Cependant : « ce qui me rend un peu optimiste est que nous avons un engagement ferme chez Yamaha. Notre direction générale croit en la devise : « les affaires continuent, la vie continue. » Et le MotoGP est une partie très importante de l’entreprise, pour la marque, pour la promotion de la marque et pour la relance du marché. »
« La course correspond très bien à notre philosophie d’entreprise. Je n’ai vu aucun signe d’indécision dans notre groupe dans cette crise qui remettrait en question notre engagement MotoGP. Avec Maverick et Fabio, nous avons deux pilotes MotoGP sous contrat pour 2021 et 2022. Et si je regarde en arrière brièvement, je vois que Honda a donné à Marc Márquez un nouveau contrat de quatre ans jusqu’à la fin de 2024. Il s’agit d’un engagement assez solide. Suzuki vient de prolonger le contrat avec Alex Rins de deux ans pour 2021 et 2022. Je vois donc des signes que pas seulement Yamaha va continuer à faire de la course » développe Lin Jarvis.
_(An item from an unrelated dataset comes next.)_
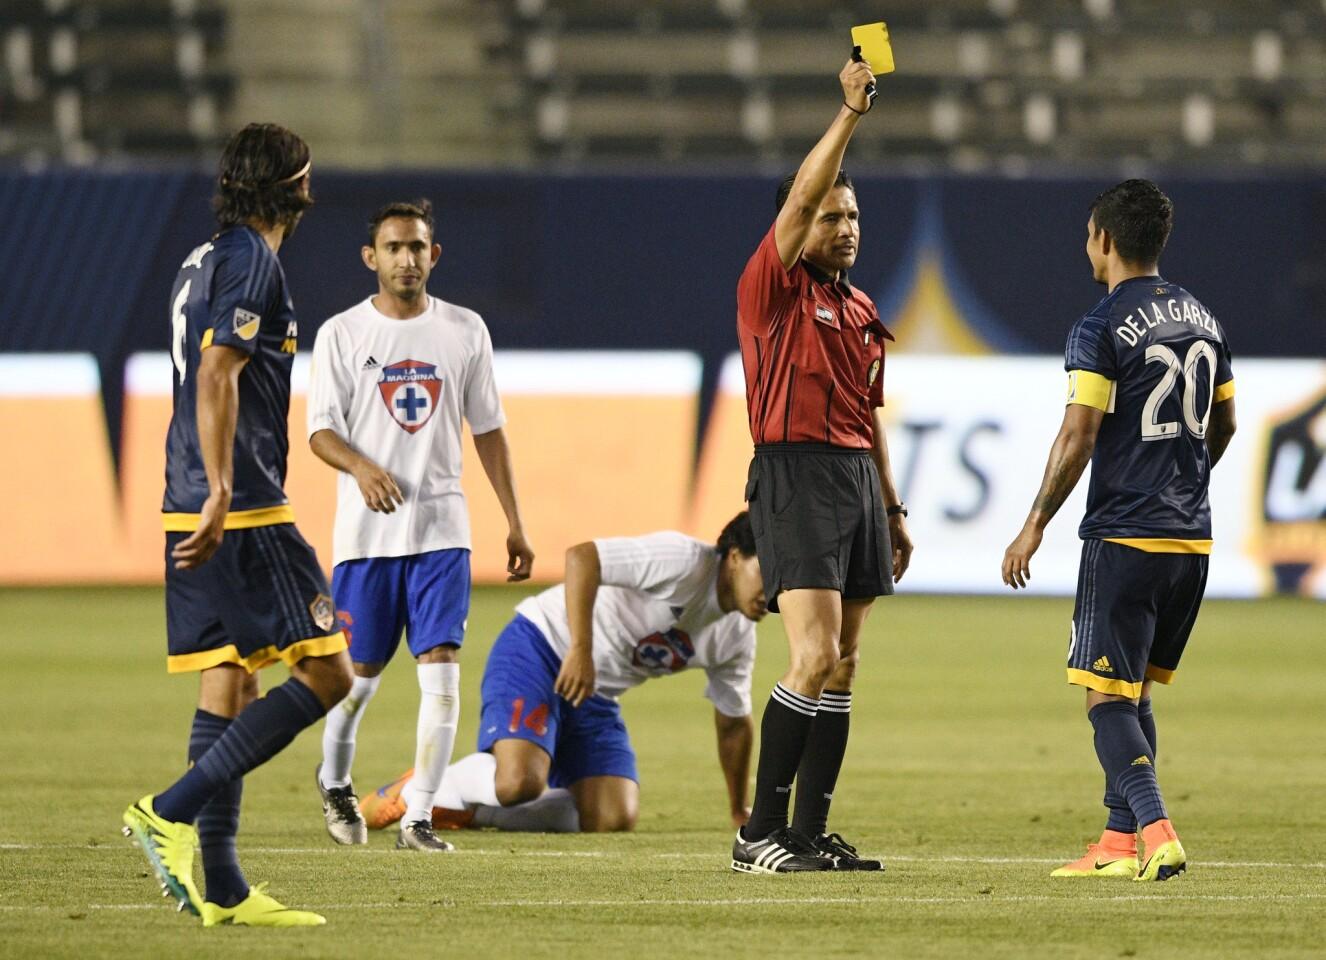 Jun 14, 2016; Los Angeles, CA, USA; Referee Ramon Hernandez gives LA Galaxy defender A.J. DeLaGarza (20) a yellow card during the second half against La Maquina at StubHub Center. The LA Galaxy won 4-1. Mandatory Credit: Kelvin Kuo-USA TODAY Sports ** Usable by SD ONLY **

Les grandes équipes d’usine MotoGP dévorent 30, 40 ou 50 millions d’euros par saison. Les sponsors ne couvrent généralement qu’un tiers des coûts. Dans un contexte devenu morose, il faudra veiller à ses dépenses. Justement, le MotoGP a pris les devants en décidant très vite de geler toutes les évolutions moteur et dans le domaine aérodynamique jusqu’en 2022. Par ailleurs, la cohésion affichée par l’ensemble des acteurs rassure. Il faut dire que depuis la crise politique de 2019, cet esprit de corps n’était pas garanti… « J’espère que tous les autres fabricants continueront » insiste Jarvis sur Speedweek.com au micro de Günther Wiesinger. « Nous avons eu beaucoup de discussions au sein de l’association des constructeurs qu’est le MSMA au cours des deux dernières semaines. Ce fut très utile. Nous nous sommes donc retrouvés dans la crise après nous être temporairement déchirés au Grand Prix du Qatar 2019 en raison du différend sur le becquet arrière de Ducati, que j’appelle « Aero Gate ». »
« En 2019, peu de discussions ont eu lieu au sein de la MSMA. Maintenant, nous nous réunissons régulièrement lors de conférences téléphoniques et avons beaucoup de discussions, ce qui, à mon avis, est un signal positif. Tout le monde impliquait des plans pour l’avenir. La clé de l’avenir est la durabilité. Nous devons être raisonnables, nous devons être décents et garder un œil sur les coûts. Parce que nous comprenons que toutes nos entreprises doivent accepter les pertes de ventes. J’espère que si nous sommes raisonnables et réduisons les coûts, toutes les usines continueront » conclut Lin Jarvis.